The six key areas of personal financial planning, as suggested by the Financial Planning Standards Board, are:

1 - Financial Position: this area is concerned with understanding the personal resources available by examining net worth and household cash flow. Net worth is a person's balance sheet, calculated by adding up all assets under that person's control, minus all liabilities of the household, at one point in time. Household cash flow totals up all the expected sources of income within a year, minus all expected expenses within the same year. From this analysis, the financial planner can determine to what degree and in what time the personal goals can be accomplished.

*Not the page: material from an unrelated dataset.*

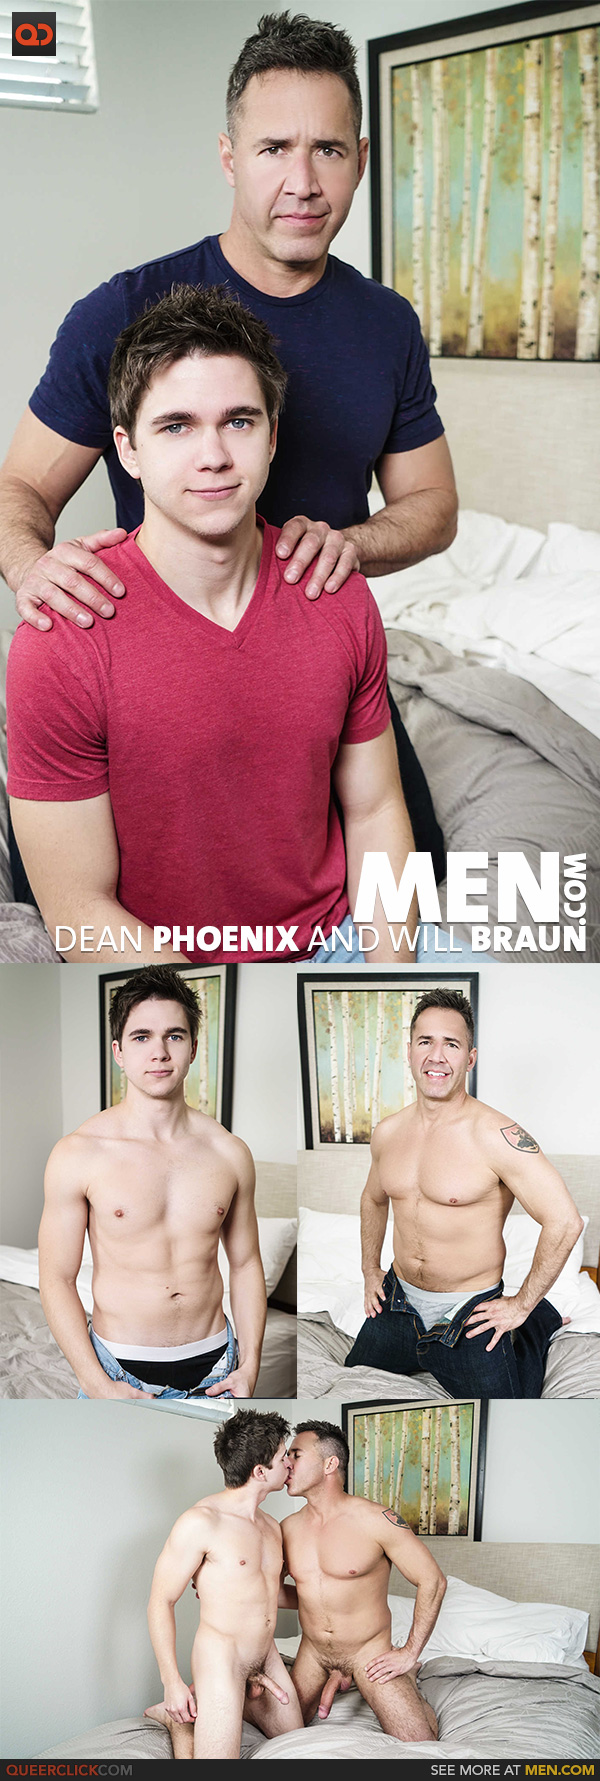 Men.com:  Dean Phoenix and Will Braun

2 - Adequate Protection: the analysis of how to protect a household from unforeseen risks. These risks can be divided into liability, property, death, disability, health and long term care. Some of these risks may be self-insurable, while most will require the purchase of an insurance contract. Determining how much insurance to get, at the most cost effective terms requires knowledge of the market for personal insurance. Business owners, professionals, athletes and entertainers require specialized insurance professionals to adequately protect themselves. Since insurance also enjoys some tax benefits, utilizing insurance investment products may be a critical piece of the overall investment planning.

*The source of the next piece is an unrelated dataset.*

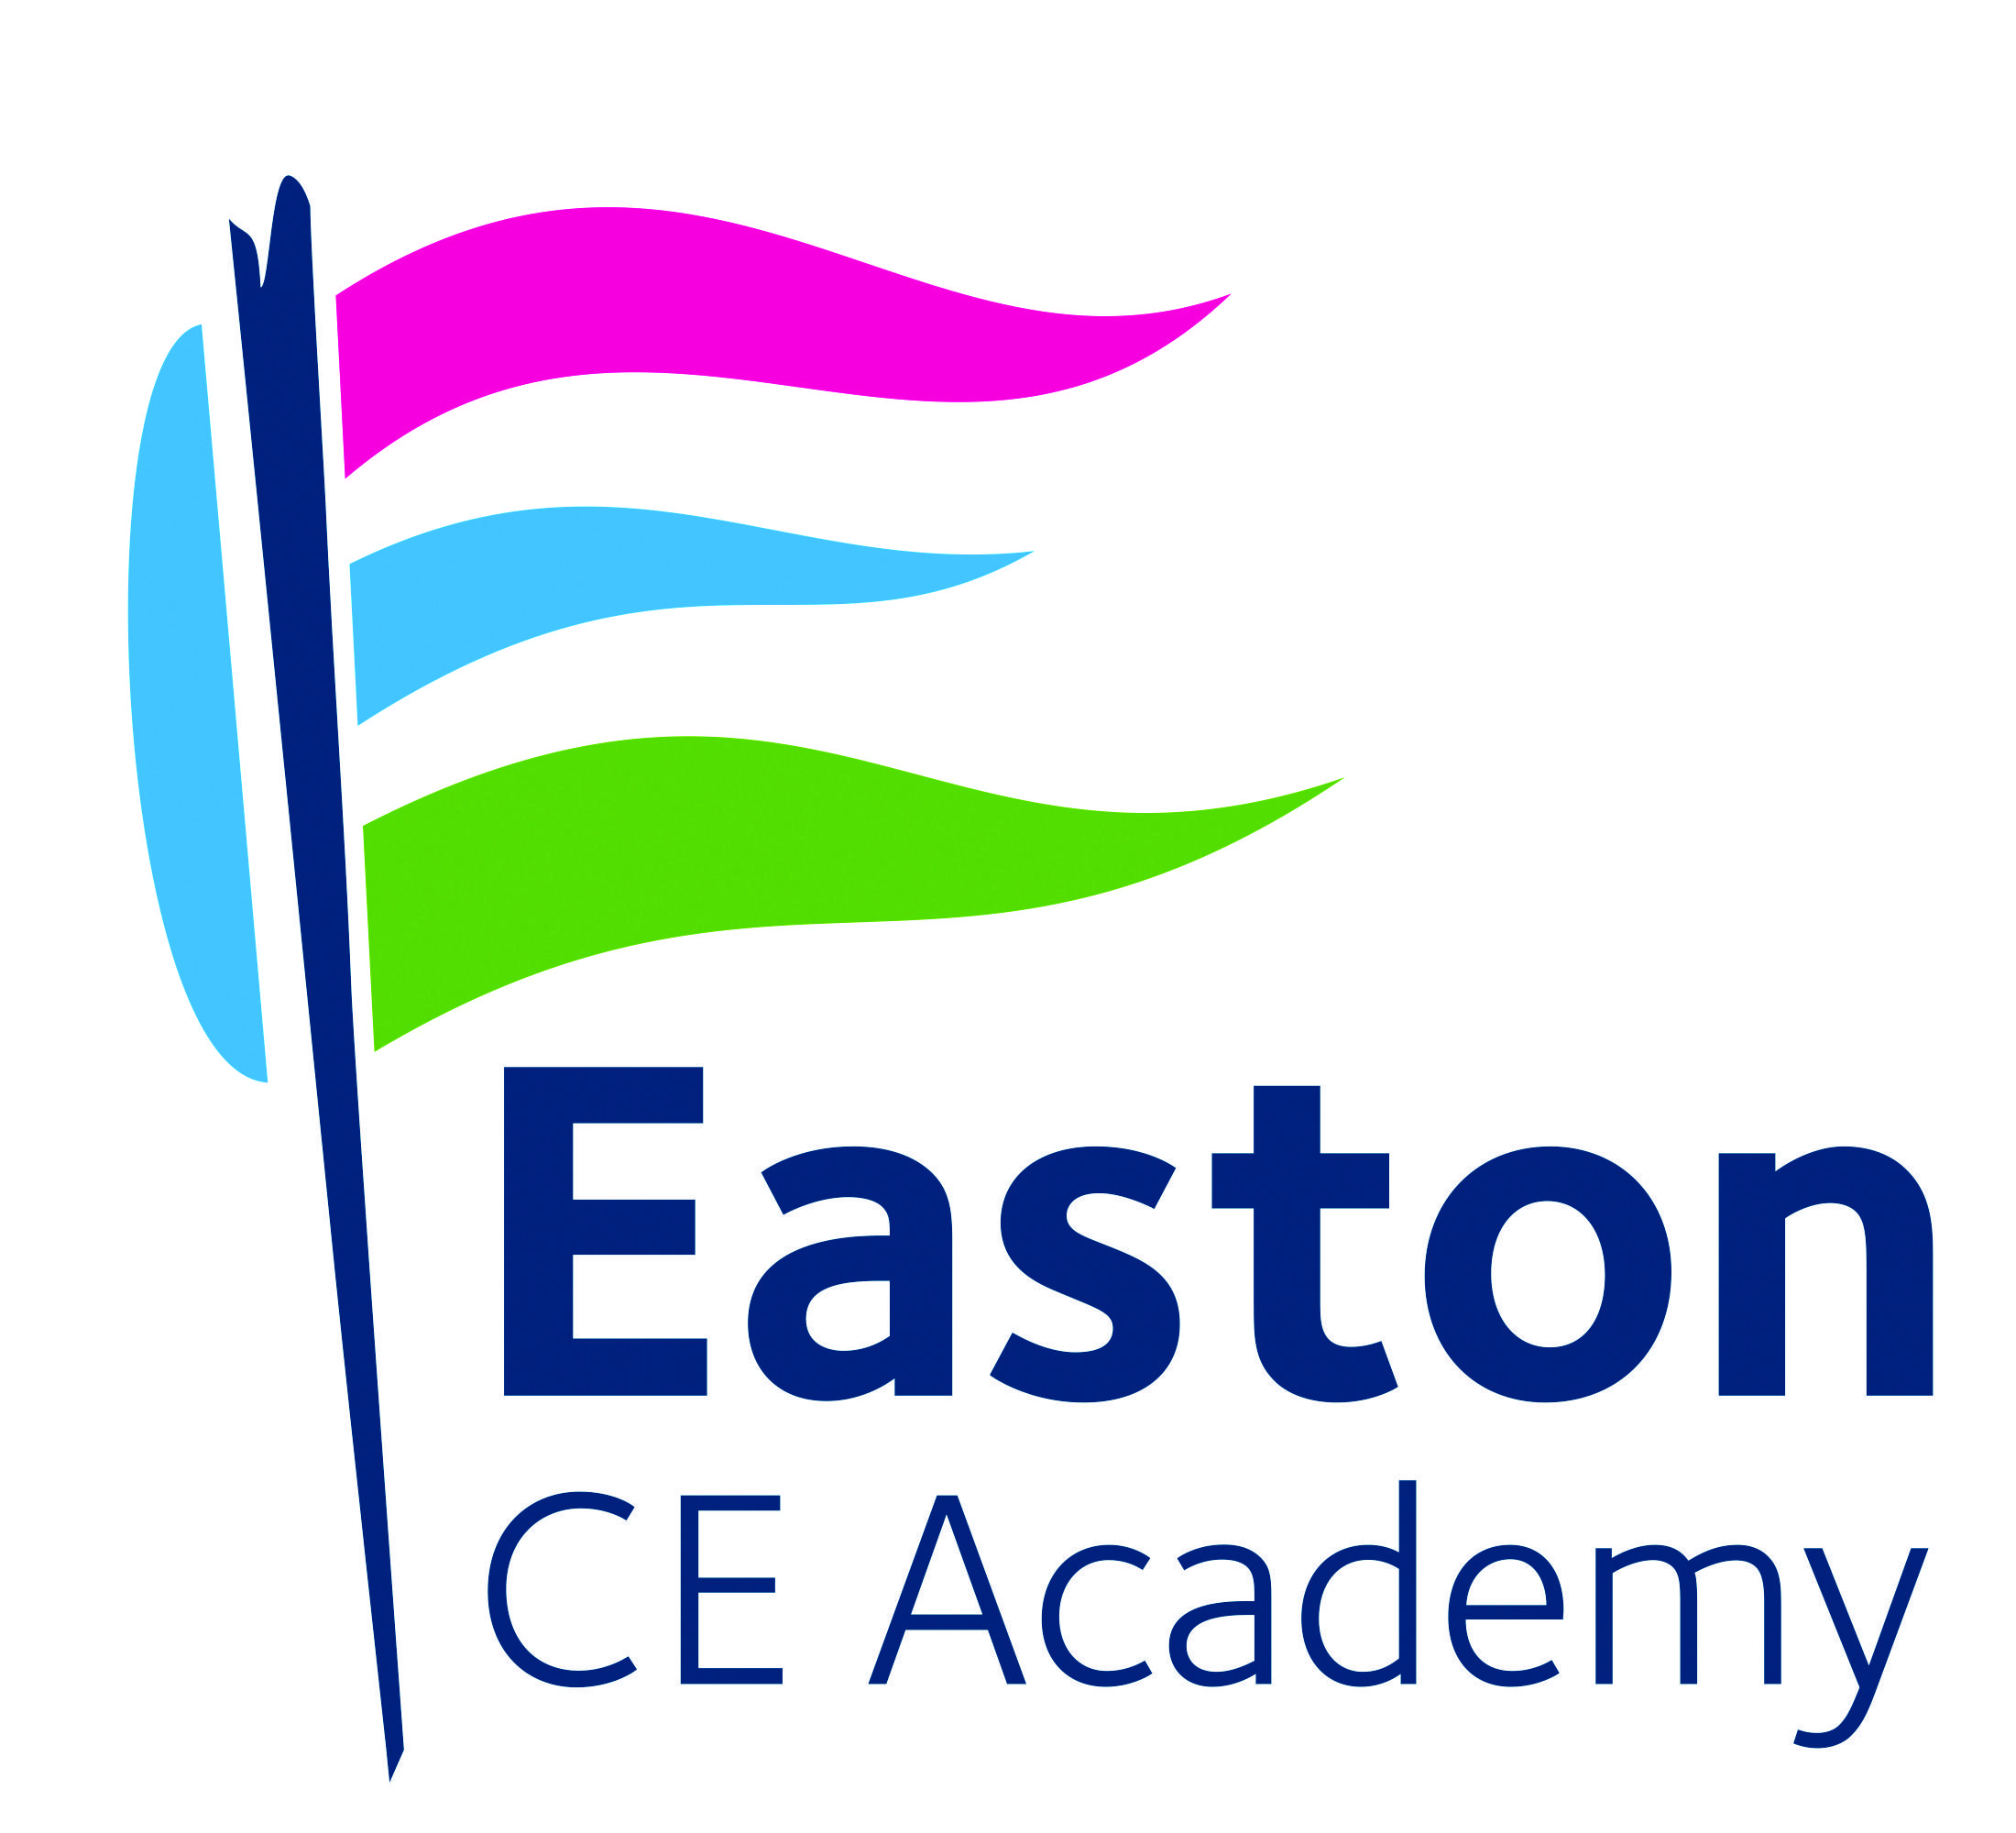 New Easton Logo - Easton CE Academy - Primary education in Easton - Home

3 - Tax Planning: typically the income tax is the single largest expense in a household. Managing taxes is not a question of if you will pay taxes, but when and how much. Government gives many incentives in the form of tax deductions and credits, which can be used to reduce the lifetime tax burden. Most modern governments use a progressive tax. Typically, as your income grows, you pay a higher marginal rate of tax. Understanding how to take advantage of the myriad tax breaks when planning your personal finances can make a significant impact upon your success.

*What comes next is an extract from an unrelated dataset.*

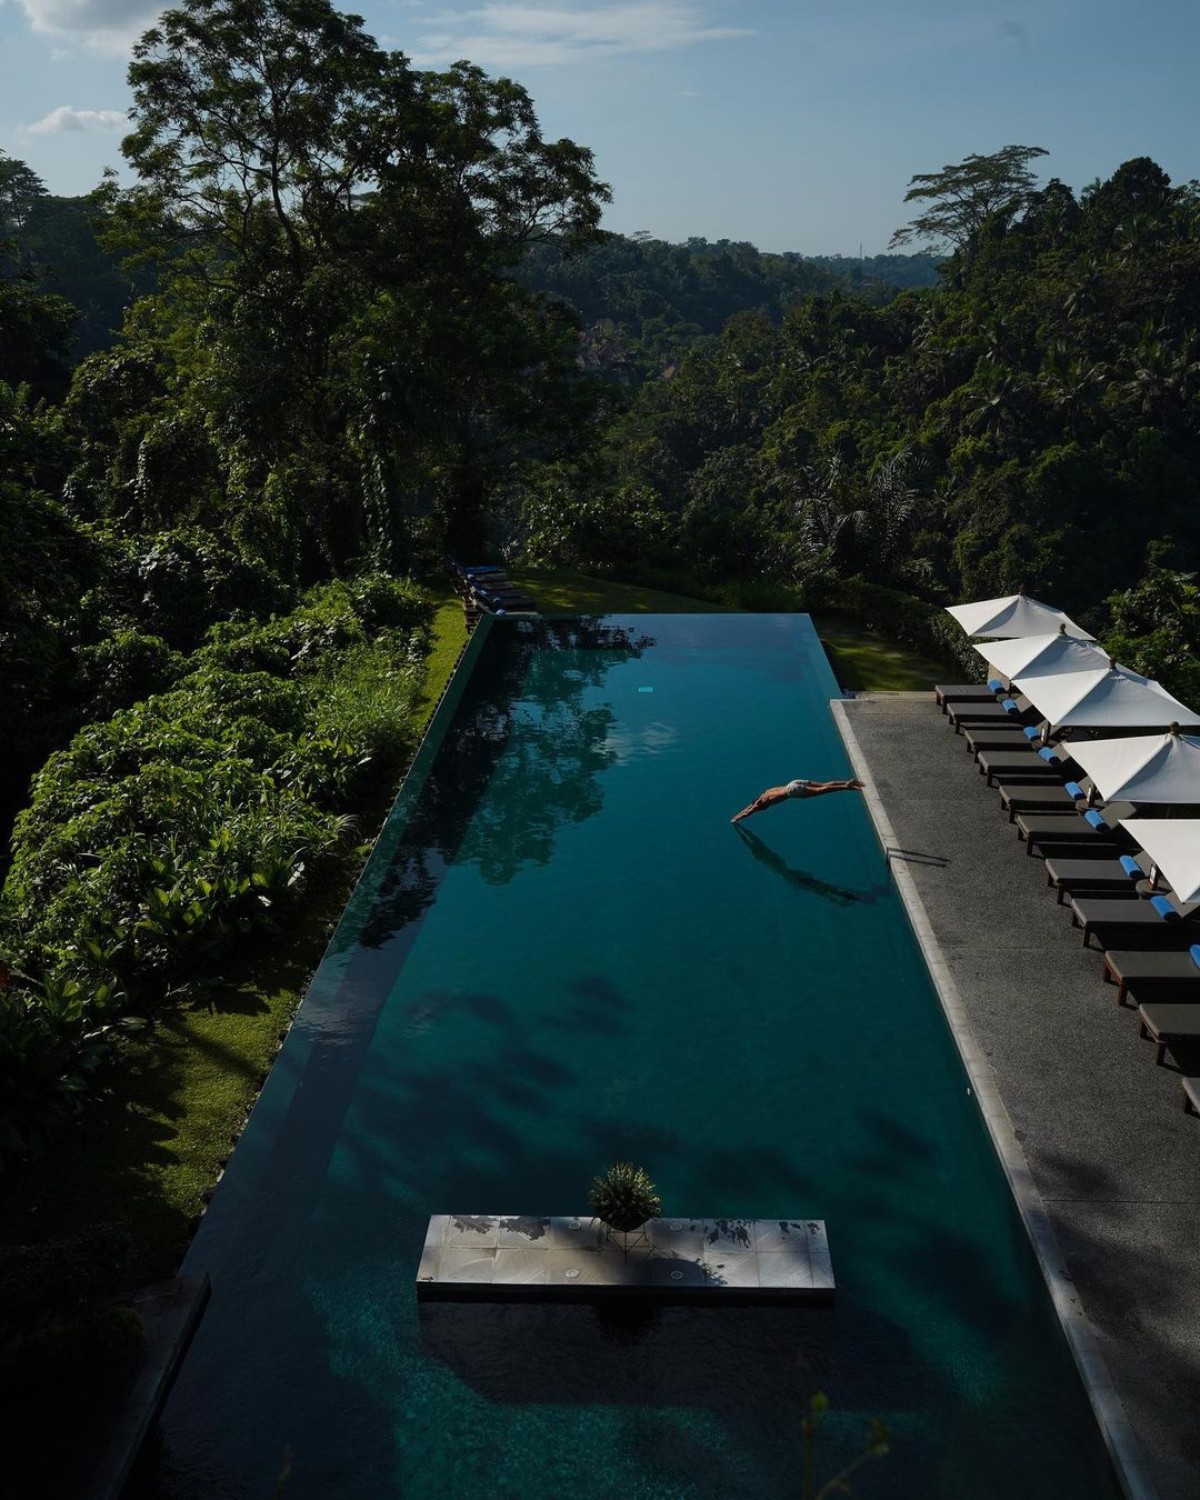 Infinity pool overlooking dense forest in Ubud, Bali.

4 - Investment and Accumulation Goals: planning how to accumulate enough money to acquire items with a high price is what most people consider to be financial planning. The major reasons to accumulate assets is for the following: a - purchasing a house b - purchasing a car c - starting a business d - paying for education expenses e - accumulating money for retirement, to generate a stream of income to cover lifestyle expenses.

Achieving these goals requires projecting what they will cost, and when you need to withdraw funds. A major risk to the household in achieving their accumulation goal is the rate of price increases over time, or inflation. Using net present value calculators, the financial planner will suggest a combination of asset earmarking and regular savings to be invested in a variety of investments. In order to overcome the rate of inflation, the investment portfolio has to get a higher rate of return, which typically will subject the portfolio to a number of risks. Managing these portfolio risks is most often accomplished using asset allocation, which seeks to diversify investment risk and opportunity. This asset allocation will prescribe a percentage allocation to be invested in stocks, bonds, cash and alternative investments. The allocation should also take into consideration the personal risk profile of every investor, since risk attitudes vary from person to person.

5 - Retirement Planning: retirement planning is the process of understanding how much it costs to live at retirement, and coming up with a plan to distribute assets to meet any income shortfall.

6 - Estate Planning: involves planning for the disposition of your asset when you die. Typically, there is a tax due to the state or federal government at your death. Avoiding these taxes means that more of your assets will be distributed to your heirs. You can leave your assets to family, friends or charitable groups.